The Dangers of Predicting an Ice-Free Arctic Summer

Dramatic sea ice predictions make headlines. There are very serious risks from continued climatic changes and a melting Arctic, but we do not serve the public and policymakers well by exaggerating those risks.

Written by Ed Hawkins Published on Read time Approx. 3 minutes
Sea ice thicknesses varies considerably, from thin, nearly transparent layers to thicker, older sea ice covered with snow. NASA

The melt of the summer sea ice in the Arctic is dramatic. Each September, when the ice reaches its annual minimum, there used to be around 7.5 million square km (2.9 million square miles) of ice. It is now regularly below 5 million sq km (1.9 million sq miles), and hit a record low of 3.6 million sq km (1.4 million sq miles) in 2012. This downward trend is projected to continue as global temperatures increase, but somewhat erratically.

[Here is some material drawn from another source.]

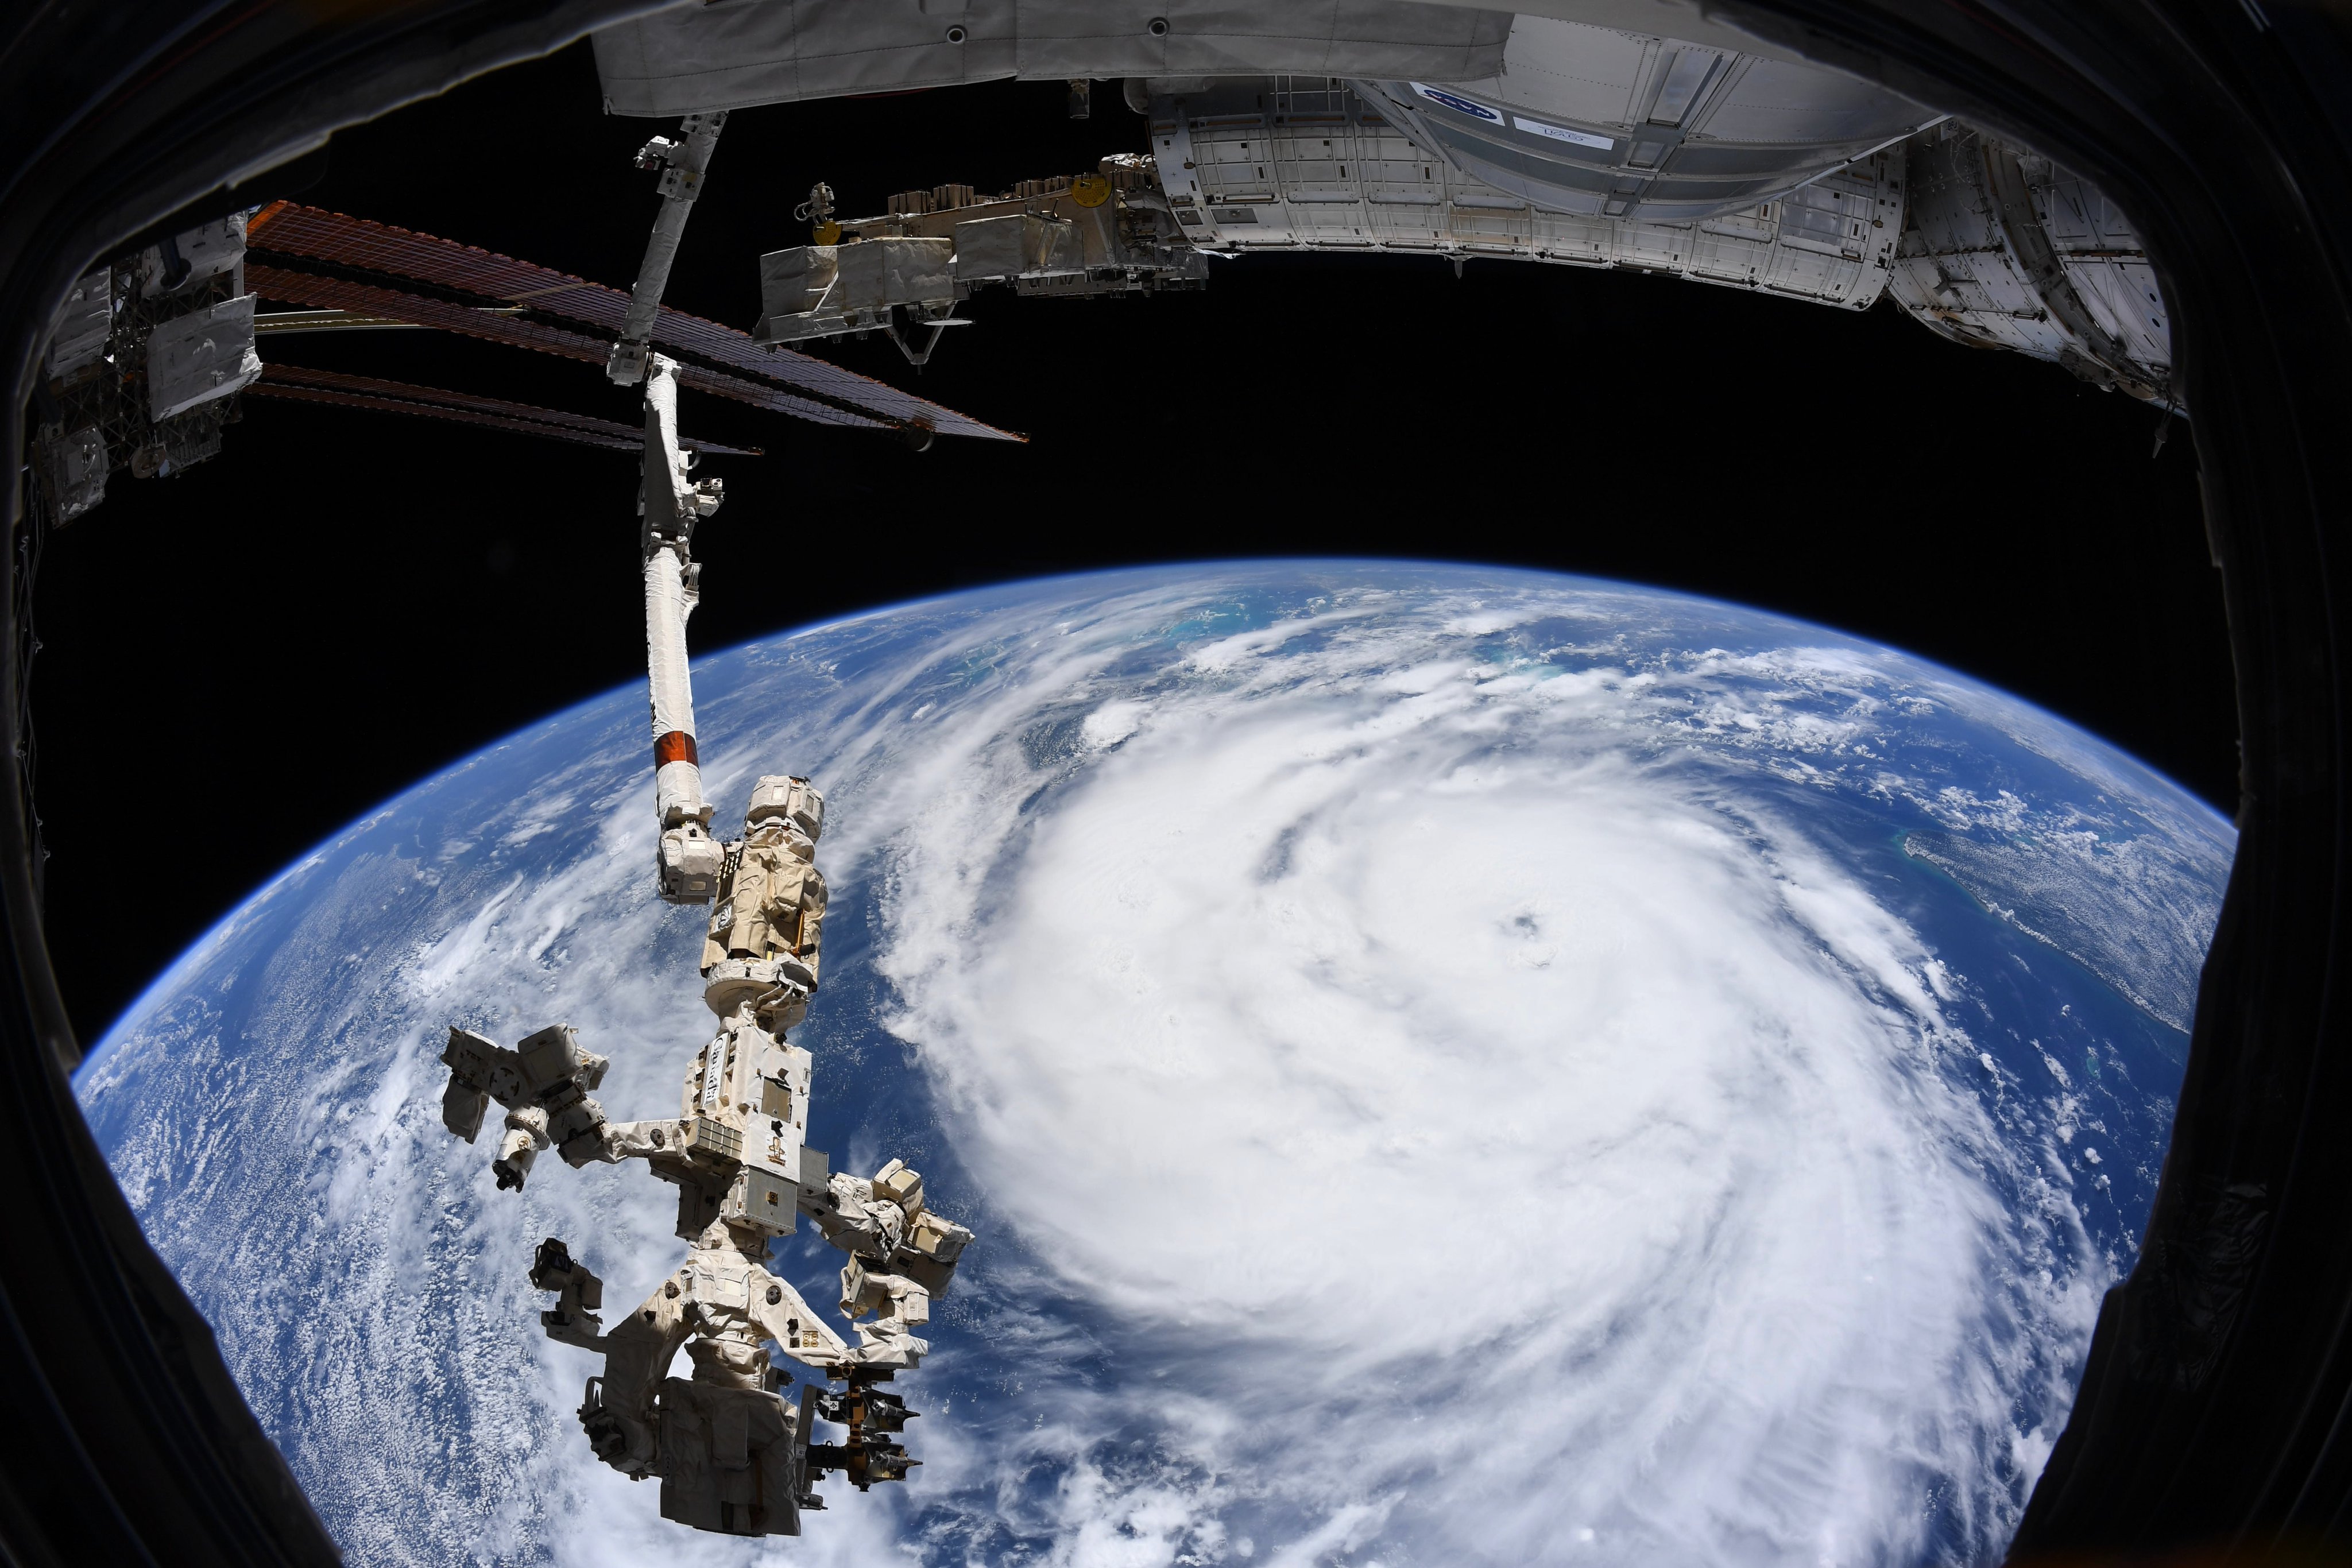 Ураган Ида развернул течение Миссисипи и обесточил Новый Орлеан – фото стихии из космоса
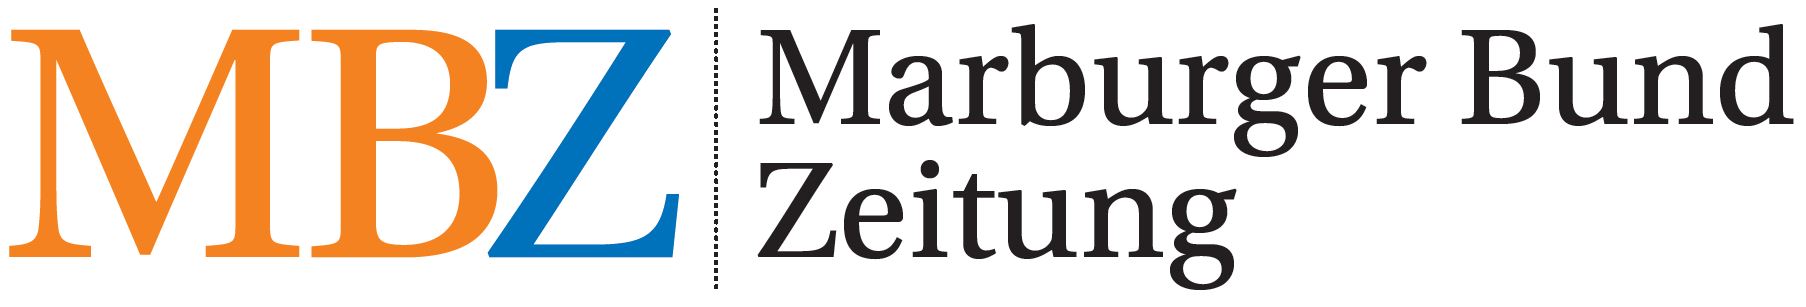 Marburger Bund Zeitung

The year at which the Arctic first becomes ‘ice-free’ (traditionally defined as 1 million sq km, or 386,000 sq miles) is much discussed by scientists and the media, but is often a controversial topic.

The IPCC AR5 assessed that the Arctic would likely be ‘reliably ice-free’ (more than five consecutive years below 1 million sq km, or 386,000 sq miles) by the mid-21st century, assuming high future emissions, but did not assess the year when it would first be ice-free, which would be earlier. Also, we have seen more ice melt than the models projected, so an even earlier date is a distinct possibility.

But, what about this year? I noticed this recent comment in the Guardian by Professor Peter Wadhams:

Most people expect this year will see a record low in the Arctic’s summer sea-ice cover.

However, the SIPN team, who collect sea-ice forecasts from 40 international groups, actually have none who think 2016 will be a record low.

Observations (black) and SIPN forecasts (red) of Arctic September sea ice extent. (Ed Hawkins)

Observations (black) and SIPN forecasts (red) of Arctic September sea ice extent. (Ed Hawkins)

In the Guardian, Professor Wadhams went on to say,

Next year or the year after that, I think it will be free of ice in summer and by that I mean the central Arctic will be ice-free. You will be able to cross over the North Pole by ship.

Professor Wadhams has made similar statements before – so should these forecasts be taken seriously?

Firstly, we should all make predictions ahead of time as this tests our physical understanding. Ideally, the methodology used should be clearly documented. The SIPN project described above has done this in a very open way and I have previously described informal efforts for Arctic sea ice forecasts.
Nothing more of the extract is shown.